Human-resources staff then review the videos and pass along promising applicants to managers for consideration. Applicants who make the cut are typically invited to a one-on-one interview. That doesn’t always mean it will be in-person, though. Varsha Paidi, a software engineer hired by IBM last year, had subsequent online interviews and eventually received her job offer via text message.

Speeding up the hiring process allows recruiters to look at more applicants than before, giving companies wider reach, said Obed Louissaint, the human-resources lead for IBM’s Watson division.

Applicants, however, say that computer-guided interviews take some getting used to. Amy Hall was never the type to get nervous during job interviews, but when the 29-year-old had to complete a video interview last year for an internal job switch at Cigna-Healthspring, she recalled feeling apprehensive and camera-shy. She waited until after work hours and used a computer in the IT department. With the door closed, she clicked a link to Cigna’s video-interviewing site….

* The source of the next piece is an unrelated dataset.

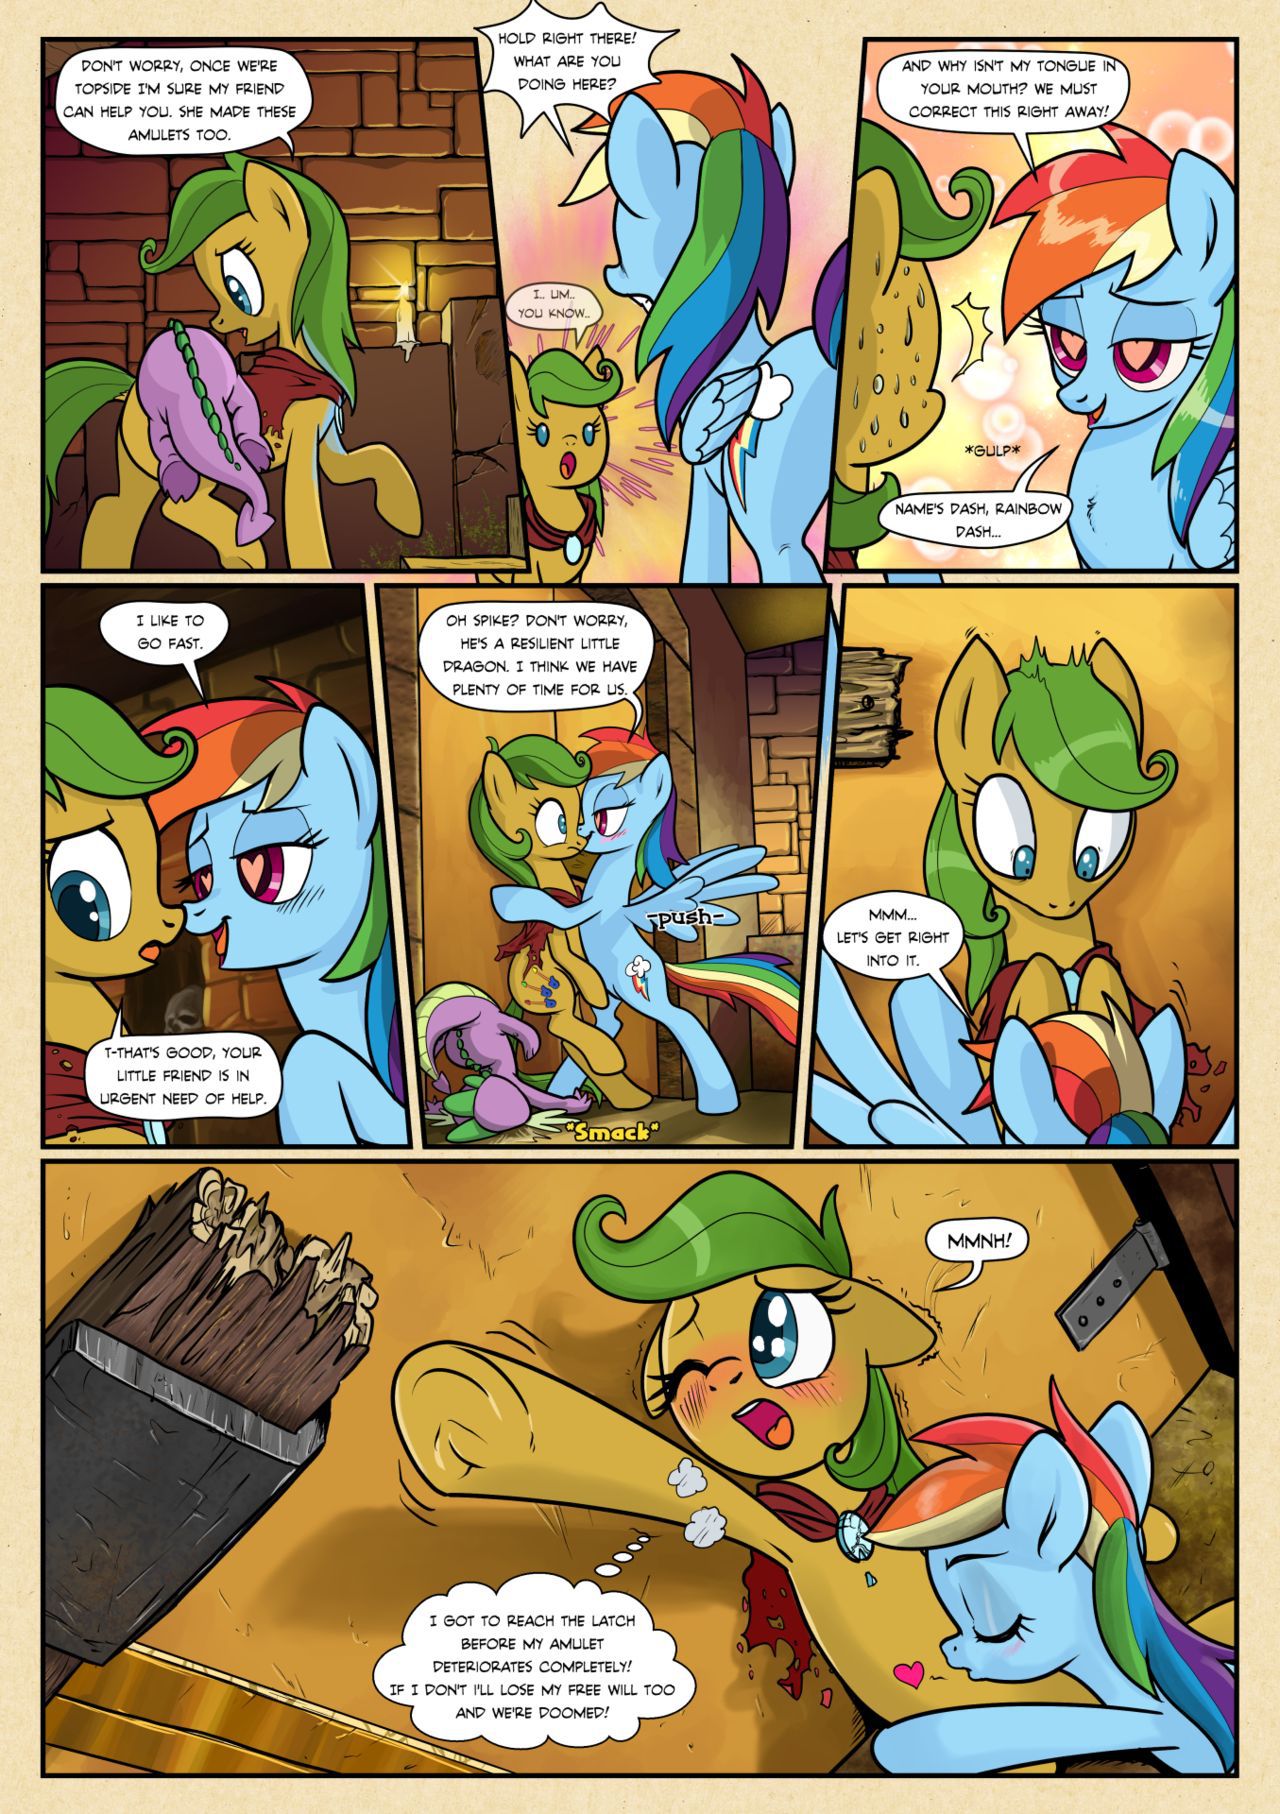 [Pencils] Anon's Pie Adventures (My Little Pony: Friendship is Magic) [In-Progress] 247

Companies say they seek similar traits in video interviews as they do in traditional interviews. Recruiters at IBM and Cigna said they evaluate candidates based on how well the person communicates his/her thought process, whether the person answers all parts of the question—and whether he/she makes eye contact…

Video interviews might also present some problems because managers cannot ask follow-up questions or engage candidates further on a point, said Carol Miaskoff, assistant legal counsel for the Equal Employment Opportunity Commission. In letters to vendors, Ms. Miaskoff has suggested that companies assign more than one person to review individual videos to ensure hiring decisions aren’t made hastily.

Taking robo-recruiting one step further, some HireVue customers have an algorithm review the video interviews for them. Using data about the skills and attributes companies are seeking for a given role, a program called HireVue Insights scans videos for verbal and facial cues that match those skills then ranks the top 100 applicants.[5]

Given that in-person interviews by staff tend to wander and often turn into staff evaluations of whether the candidate will be enjoyable company or not, a fixed format with questions set in advance does actually promise to reduce the element of good-old-boyism. Everyone has experienced the job interview that turns quickly to discussion of sports or hobbies in common — the interviewer pays less attention to skills and attitudes than shared cultural enthusiasms, tending to favor cultural clones of themselves whose company they will enjoy. But notice that most companies still rely on human HR staff judgement to screen the resulting videos, which saves time for hiring managers but still introduces an element of HR prejudice. If your HR staff are primarily left-leaning New England-educated feminists, a white male candidate with a Southern accent and stereotypically male mannerisms will likely be screened out. For once the EEOC advice is reasonable — this type of screening will be more effective if more than one person reviews each video, making it more difficult for prejudice to prevail.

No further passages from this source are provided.